▼

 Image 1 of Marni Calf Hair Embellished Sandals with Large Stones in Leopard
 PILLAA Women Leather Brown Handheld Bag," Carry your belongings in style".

▲
▼

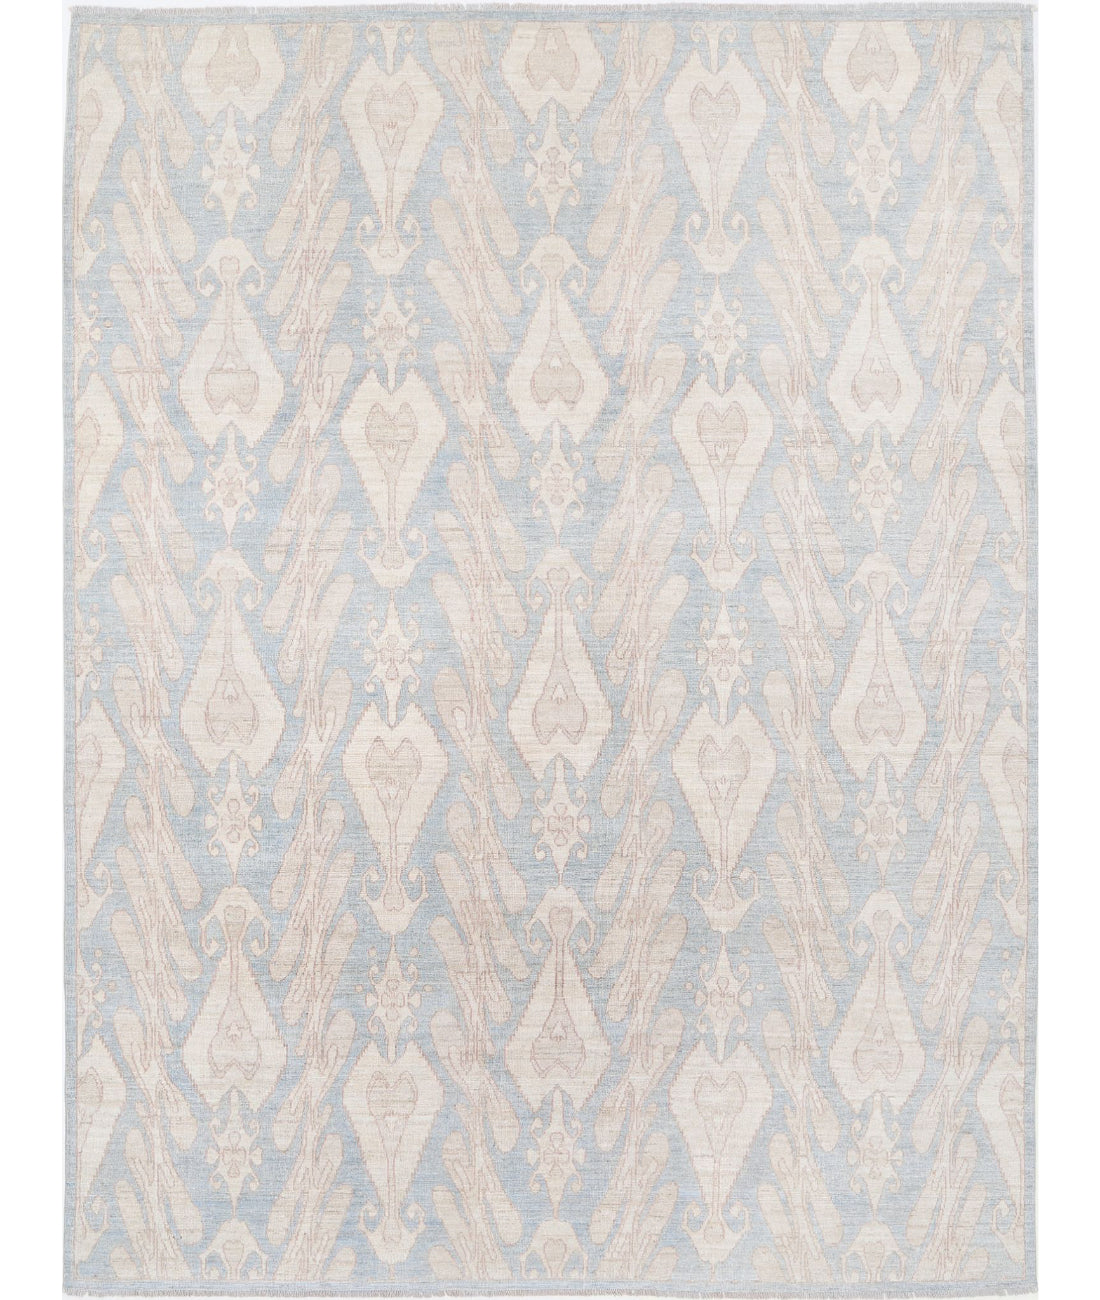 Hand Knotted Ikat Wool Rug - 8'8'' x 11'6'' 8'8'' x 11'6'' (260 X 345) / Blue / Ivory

▲

● **Work instructions**:
Going back over the entries above, copy word for word every line from the one that has "Image 1 of Marni" on through the one that has "PILLAA Women Leather".

● **Solution for this exercise**:
 Image 1 of Marni Calf Hair Embellished Sandals with Large Stones in Leopard
 PILLAA Women Leather Brown Handheld Bag," Carry your belongings in style".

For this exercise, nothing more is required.